Le monde façon John Irving

Par Francine Bordeleau
Publié le 22 avril 2025
John Irving, Les Fantômes de l’Hotel Jerome, Paris, Seuil, 2024, 992 p

Avec « Les Fantômes de l’Hôtel Jerome», John Irving rompt sept années de silence. Un retour somme toute bienvenu.

Publié voilà presque un demi-siècle (en 1978), The World According to Garp (Le Monde selon Garp) est sans conteste le livre-phare de John Irving, et l’un des grands romans de la littérature américaine contemporaine. Comment, traitant de thèmes comme le féminisme et le transsexualisme, Irving a-t-il produit un best-seller mondial ? À cela s’ajoutent d’autres sujets nullement consensuels, comme l’inceste frère-sœur assumé (L’Hôtel New Hampshire, Seuil, 1982) et l’avortement (L’Œuvre de Dieu, la part du diable, Seuil, 1986).

En fait, tout au long d’une œuvre qui recèle par ailleurs quantité d’éléments autobiographiques, Irving, fier natif de la Nouvelle-Angleterre devenu citoyen canadien en 2019, à l’âge de 77 ans, aura créé une imposante galerie de personnages atypiques mais généralement attachants. Et ce parti pris culmine dans Les Fantômes de l’Hotel Jerome, qui apparaît comme un livre-somme tant l’écrivain y a regroupé de ses leitmotivs.

L’amour, etc.

Le récit commence en 1941 avec Rachel Brewster, la mère du narrateur, et se termine en 2017, avec l’arrivée de Donald Trump à la présidence des États-Unis. La jeune Rachel, maudite soit sa petite taille, a échoué aux épreuves de slalom d’Aspen, au Colorado, mais est tombée enceinte. Et là s’arrêteront les relations de Rachel avec la gent masculine (c’était aussi le cas de la mère de Garp), même si plus tard elle épouse un certain Elliot Barlow. Mais ce dernier étant plutôt une femme dans un corps d’homme, ceci explique cela.

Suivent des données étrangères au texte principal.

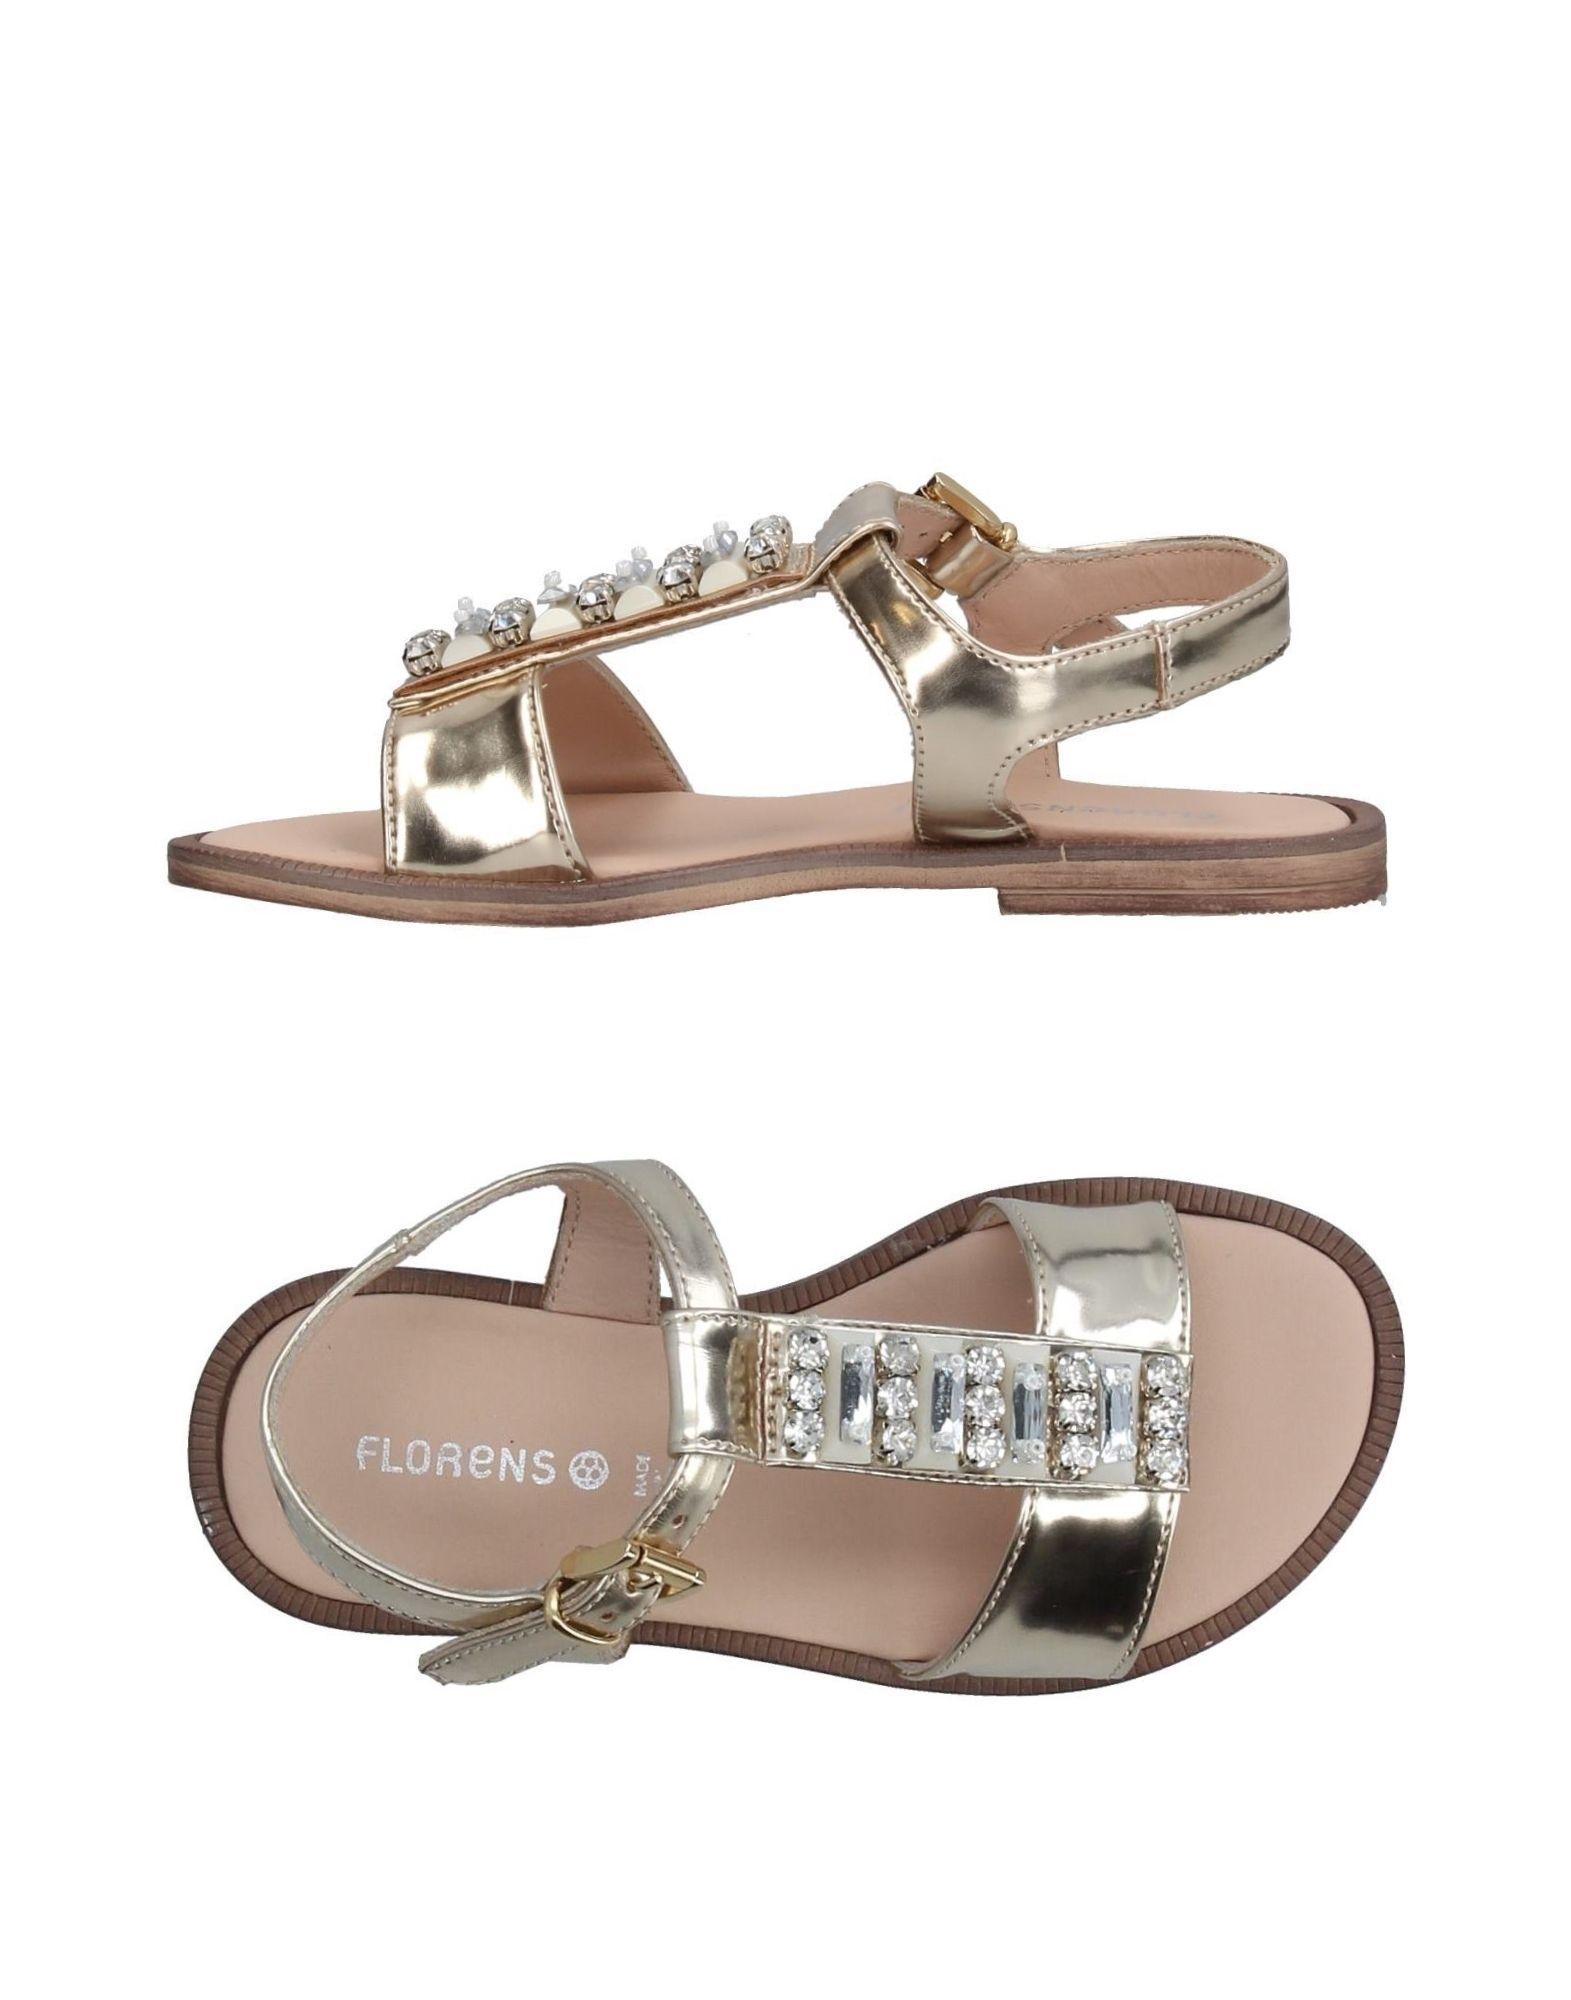 FLORENS Mädchen 3-8 jahre Sandale Farbe Platin Größe 9 jetztbilligerkaufen
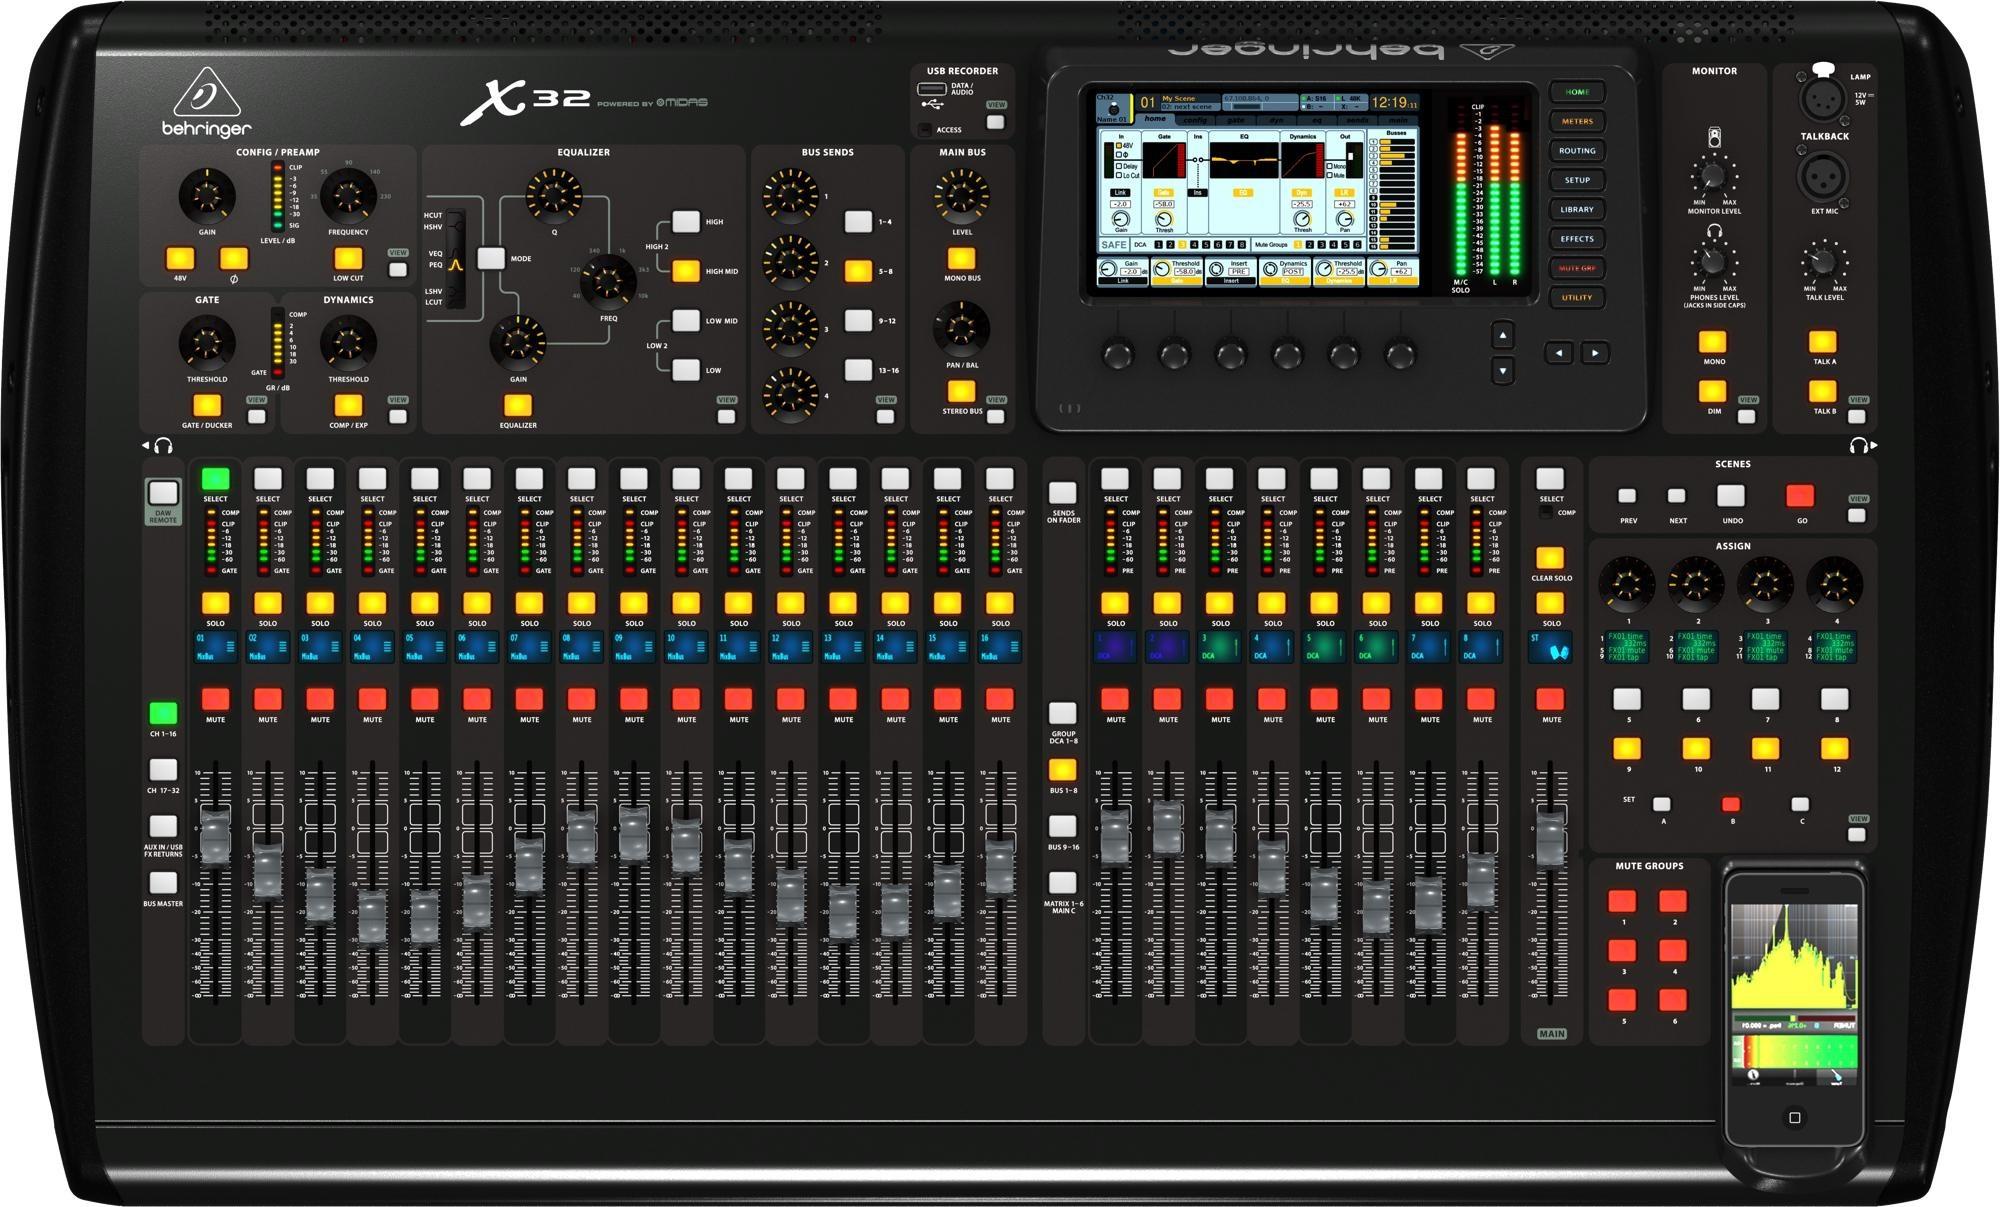 behringer x32 repair manual professional user manual ebooks u2022 rh justusermanual today behringer x32 manual español pdf behringer x32 manual español descargar

C’est aussi ce qui explique qu’à l’âge de 39 ans, le narrateur Adam Brewster, devenu écrivain comme il le voulait depuis toujours, dira : « Dans ma vie, les personnes les plus aimantes et les plus aimées étaient deux couples de lesbiennes et mon beau-père, une femme transgenre. » (Elliot a subi une orchiectomie entre-temps.) Nous sommes en 1981 et Ronald Reagan, de qui vient le mantra « Make America Great Again », entame sa présidence – une présidence présentée sous l’angle LGBT et férocement critiquée par Irving. Dans son entourage, Adam est le seul hétéro, ou presque. « On peut s’aimer de bien des façons », apprendra-t-il très tôt.

C’est en partie la thèse de ce roman de près de 1000 pages et la démonstration, à force, est un peu lourde. On a parfois l’impression de se faire asséner vaille que vaille une leçon de tolérance… tout en se réjouissant de la charge portée contre l’Église catholique, les républicains ou encore les homophobes et les misogynes de tout poil.

En terrain connu

Et sinon, John Irving fait du John Irving. L’outrance des situations et la truculence sont donc au rendez vous. Tout comme le sexe, les (longues) digressions, les couples hautement improbables, les morts loufoques, les morts tragiques, la lutte (sport de prédilection d’Irving). Et toujours, la réaffirmation d’une profession de foi dans la littérature, alors que sont convoquées les mânes de Charles Dickens, d’Herman Melville (Moby Dick) et de Shakespeare. Sans doute une façon de dire que la littérature est la voie qui sauvera le monde de la barbarie.